● WHAT TO DO: Would you please repeat exactly the entries below, starting at the line with "Sapatilhas de running" and ending at the line with "Миниролло KauffOrt 83х170", and nothing outside that range? Leave out the pictures.

● EXCERPTED RECORDS:
☆ ☆ ☆ ☆

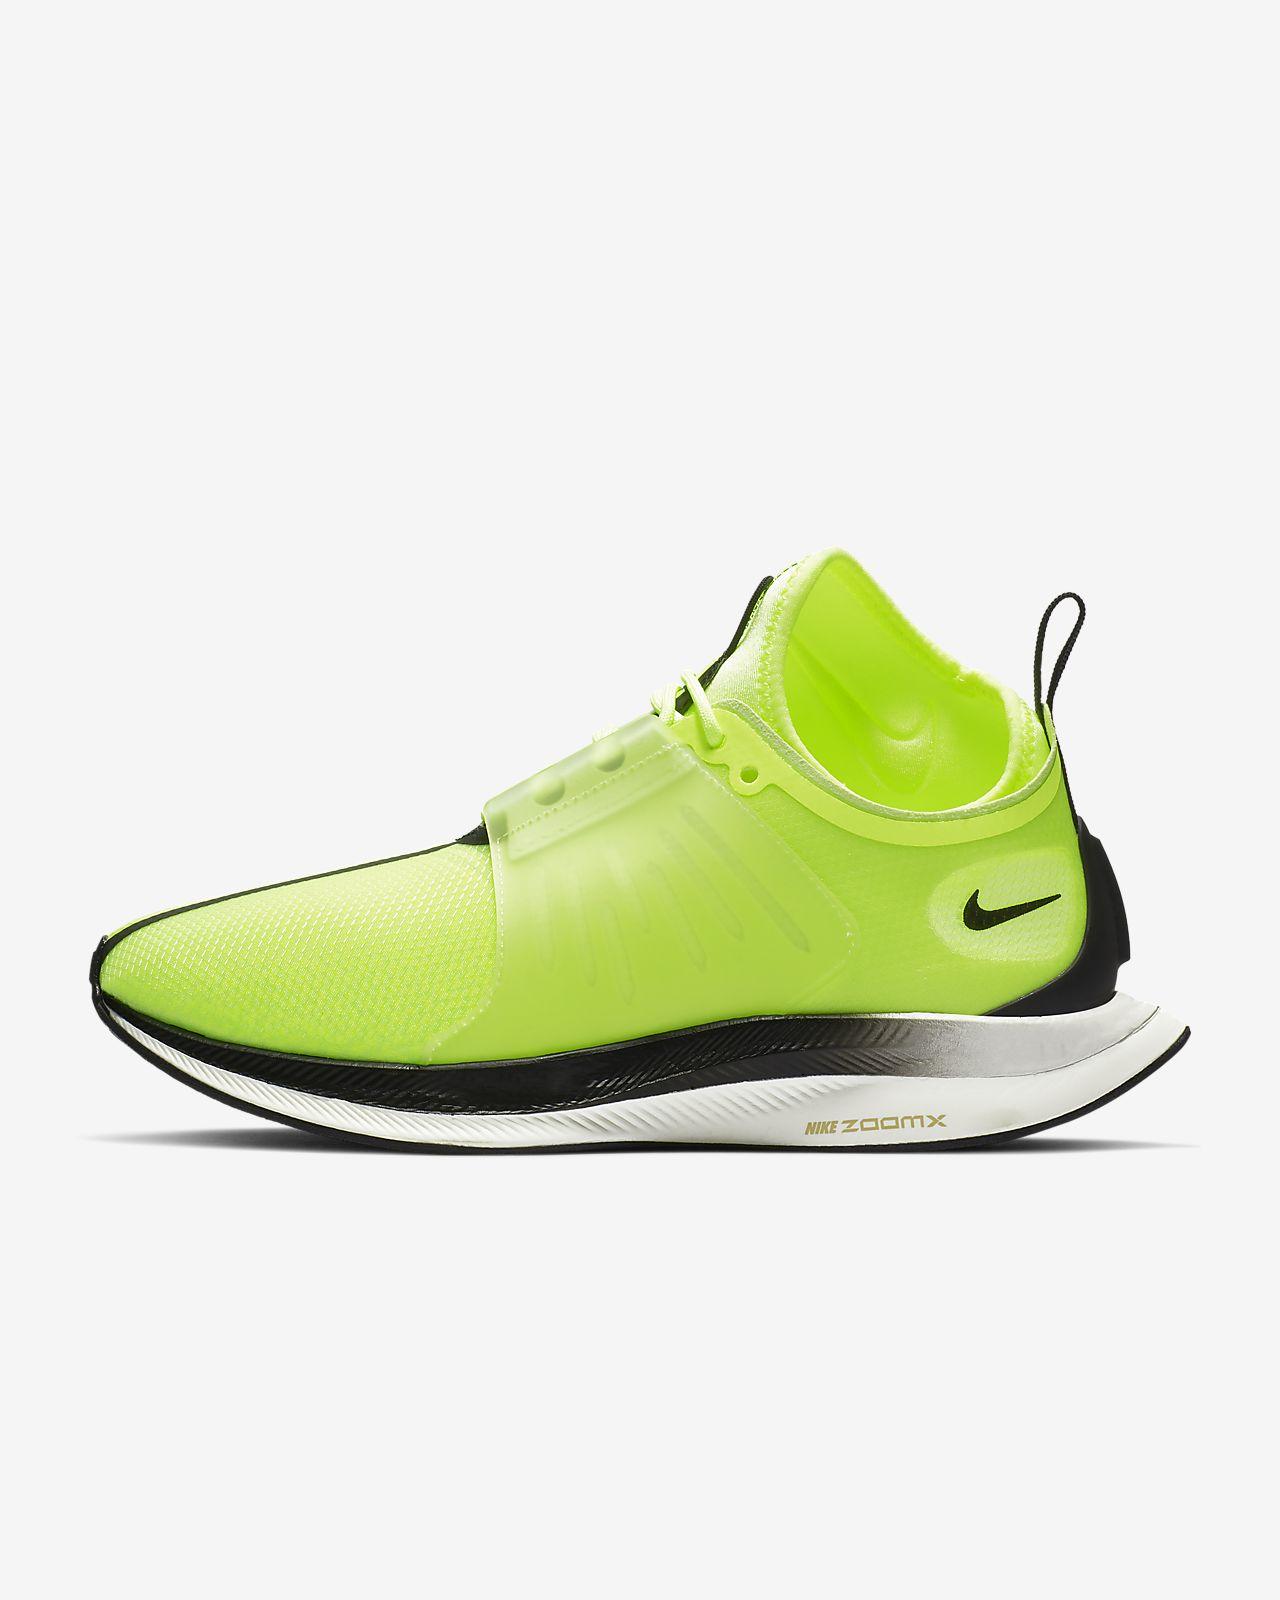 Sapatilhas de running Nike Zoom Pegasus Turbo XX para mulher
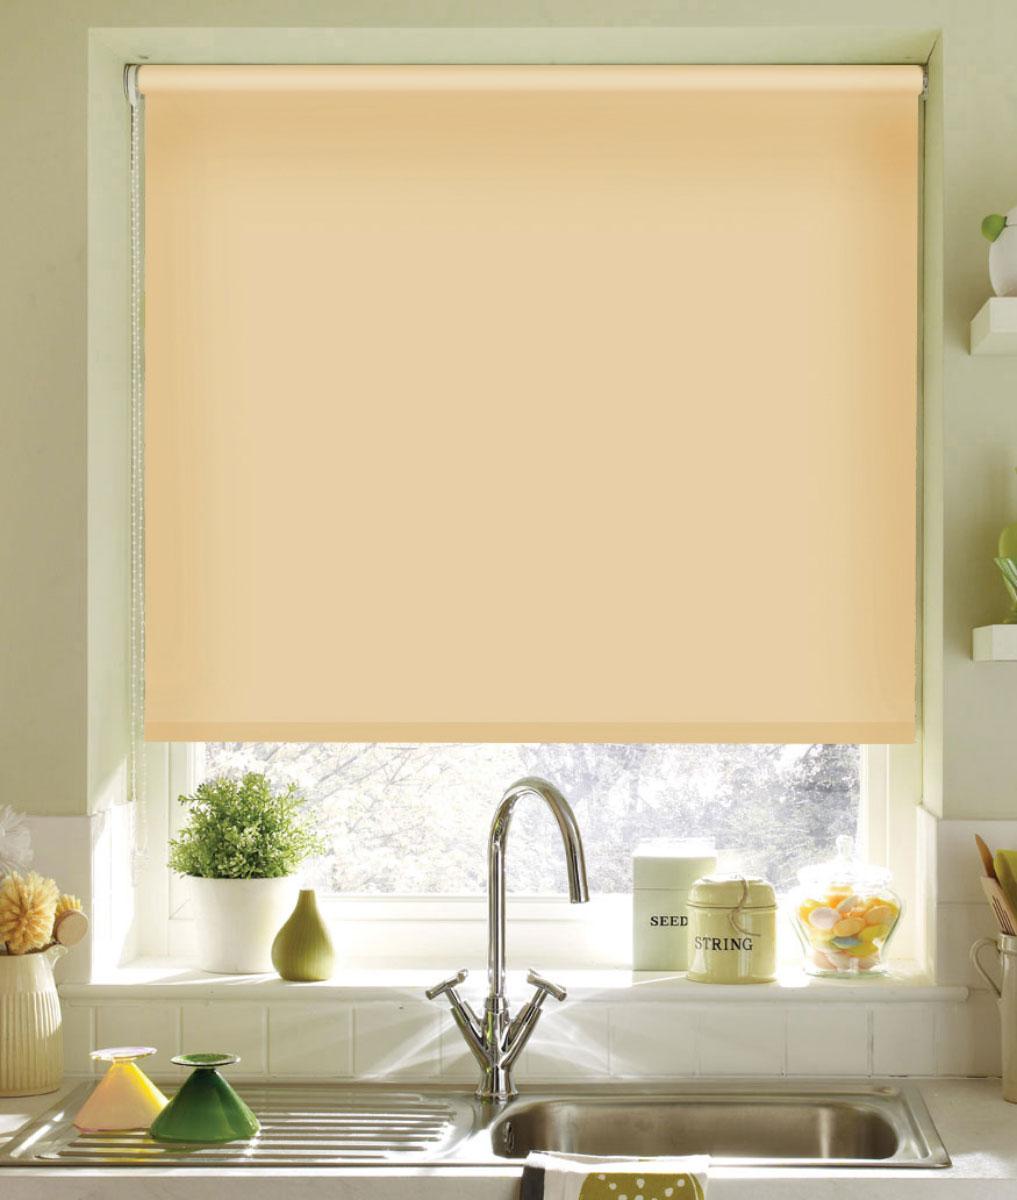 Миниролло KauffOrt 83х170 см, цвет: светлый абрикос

☆ ☆ ☆ ☆

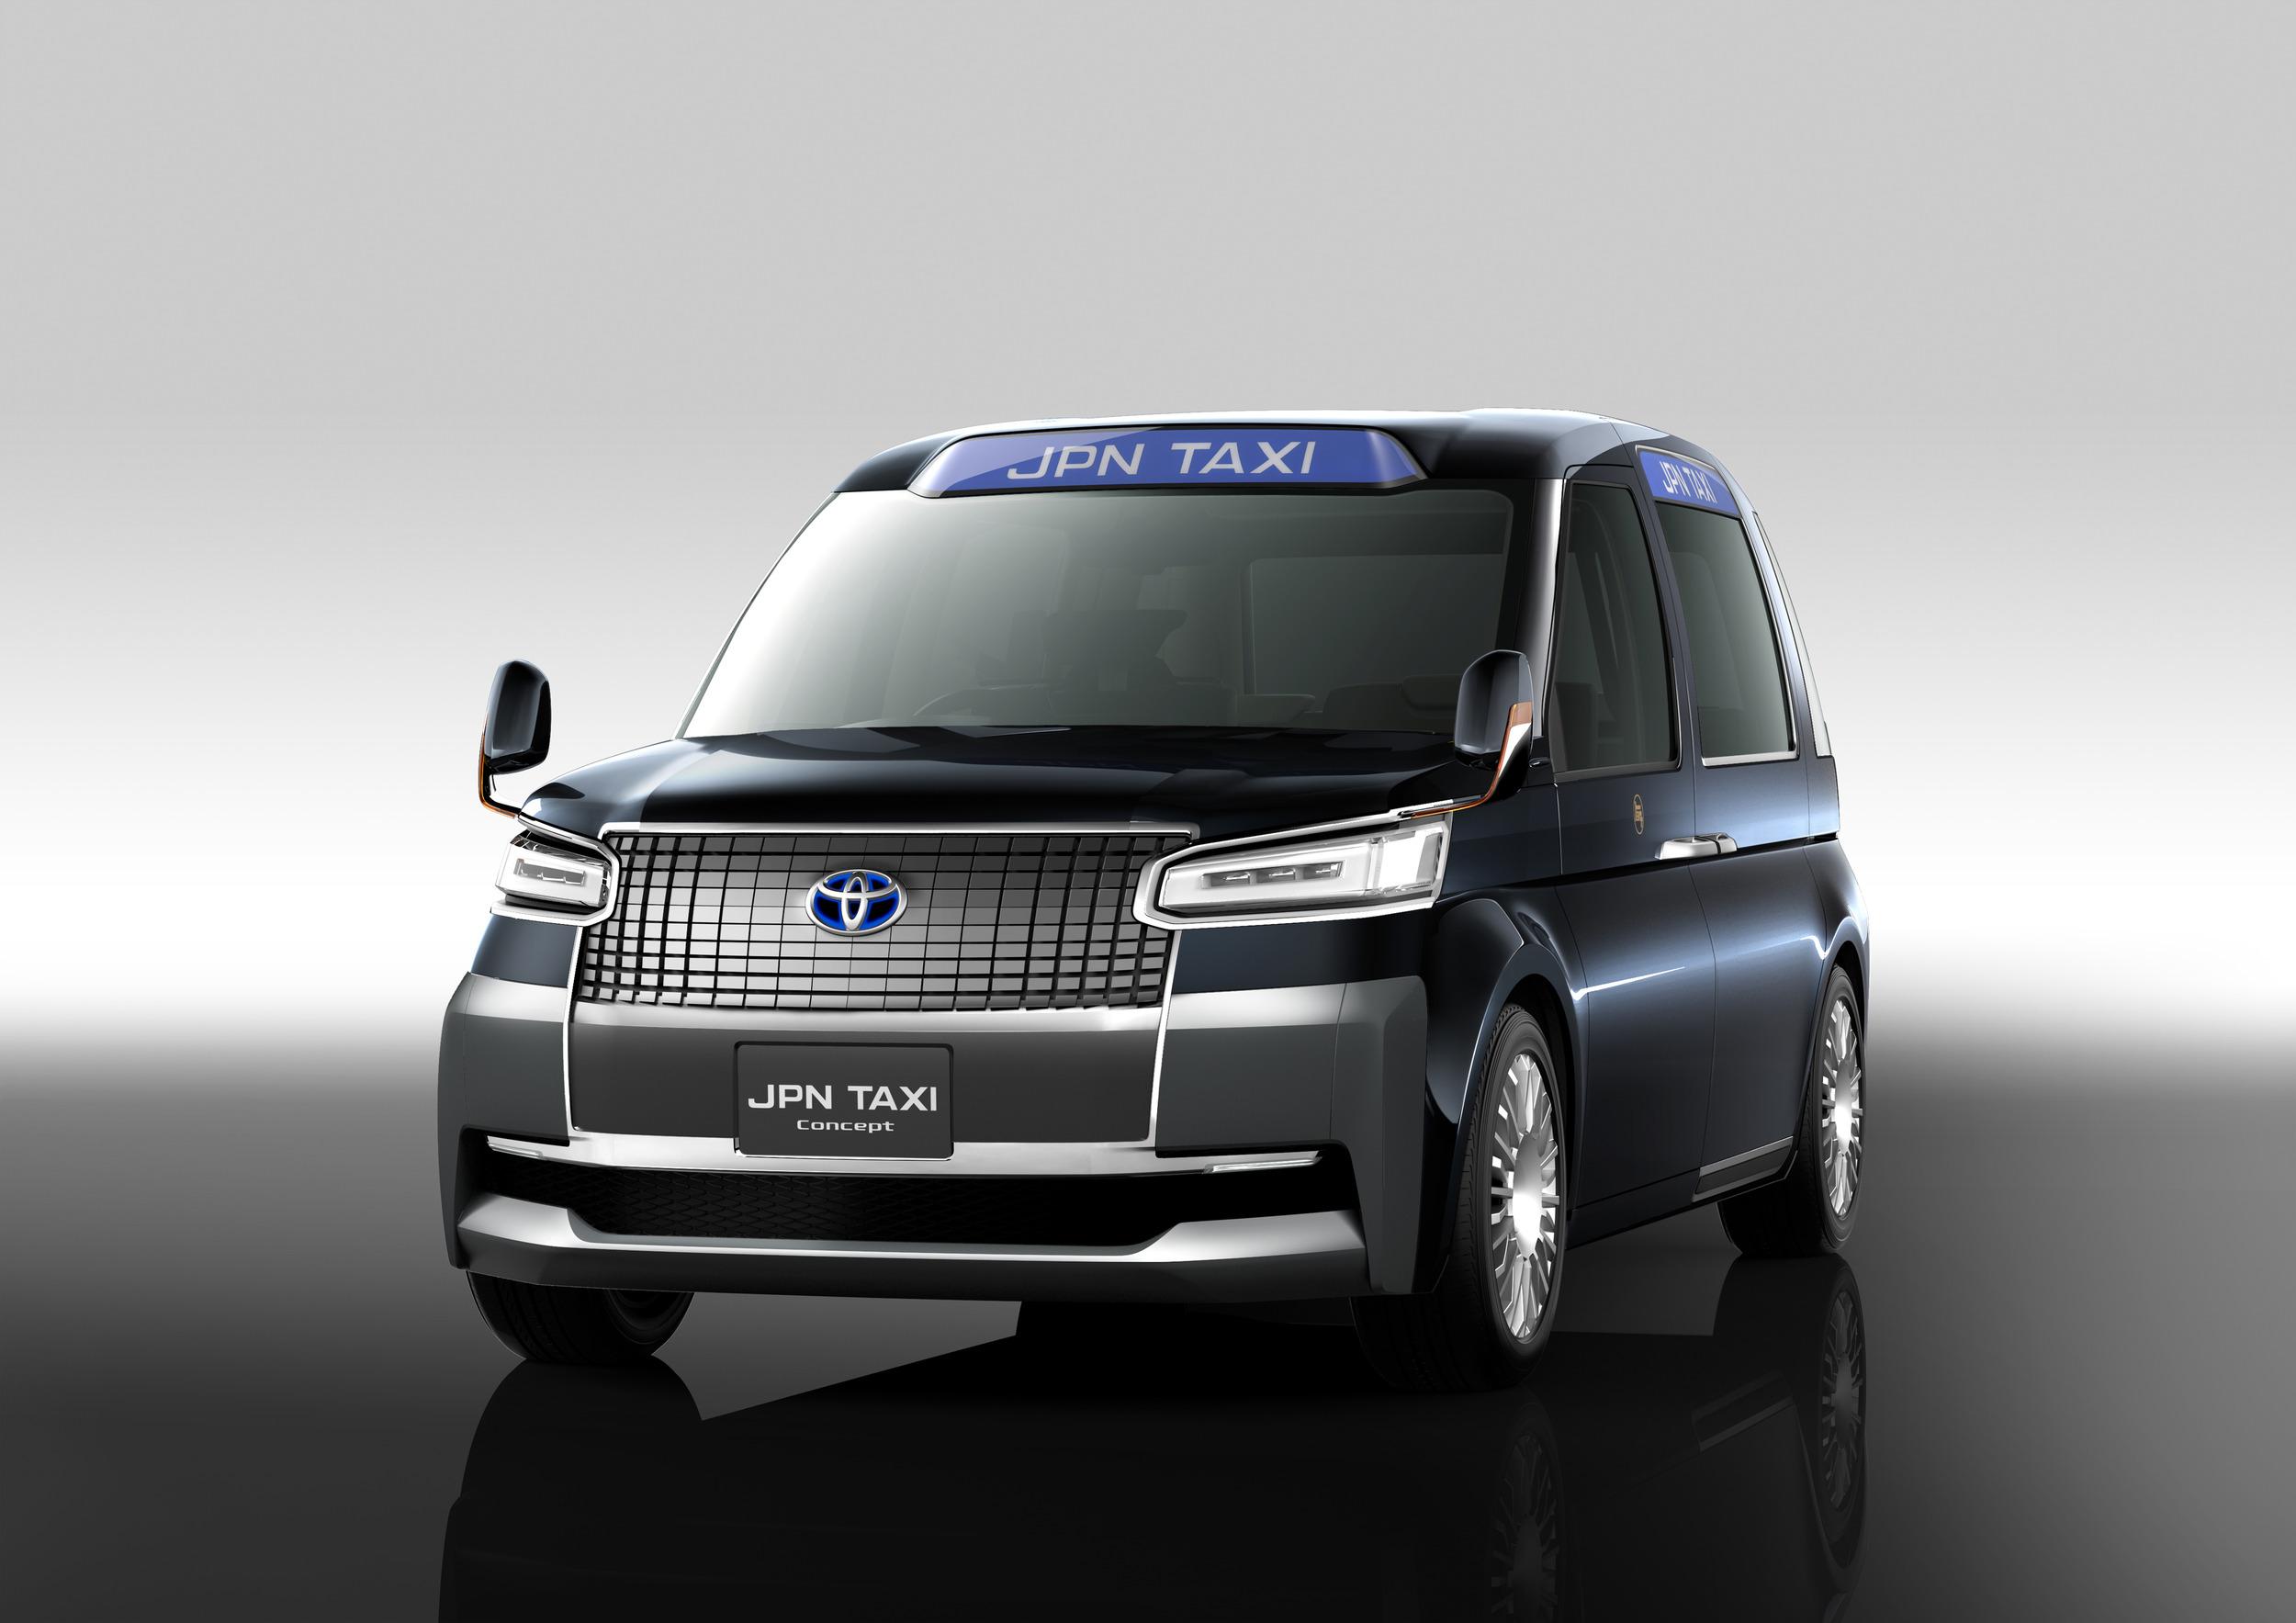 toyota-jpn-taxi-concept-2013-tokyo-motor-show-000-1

☆ ☆ ☆ ☆

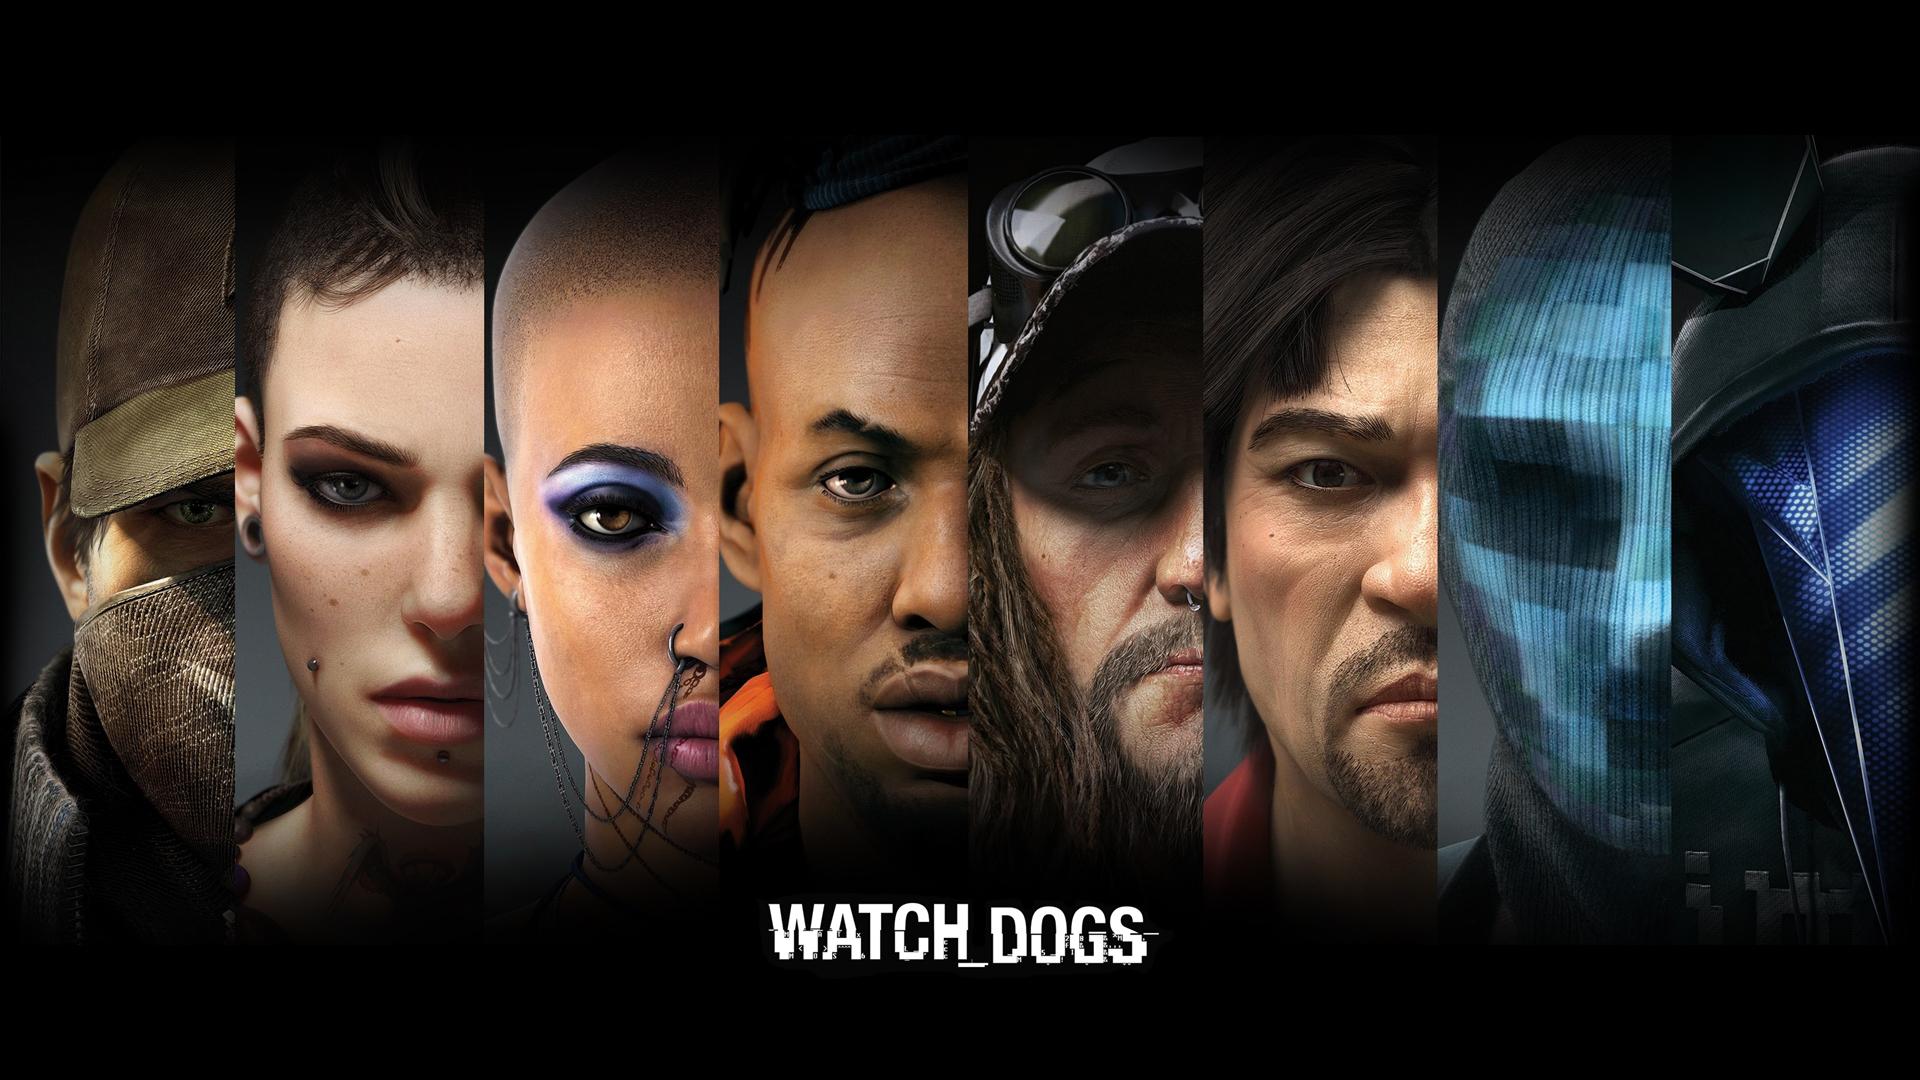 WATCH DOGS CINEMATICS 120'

☆ ☆ ☆ ☆

● EXPECTED ANSWER:
 Sapatilhas de running Nike Zoom Pegasus Turbo XX para mulher
 Миниролло KauffOrt 83х170 см, цвет: светлый абрикос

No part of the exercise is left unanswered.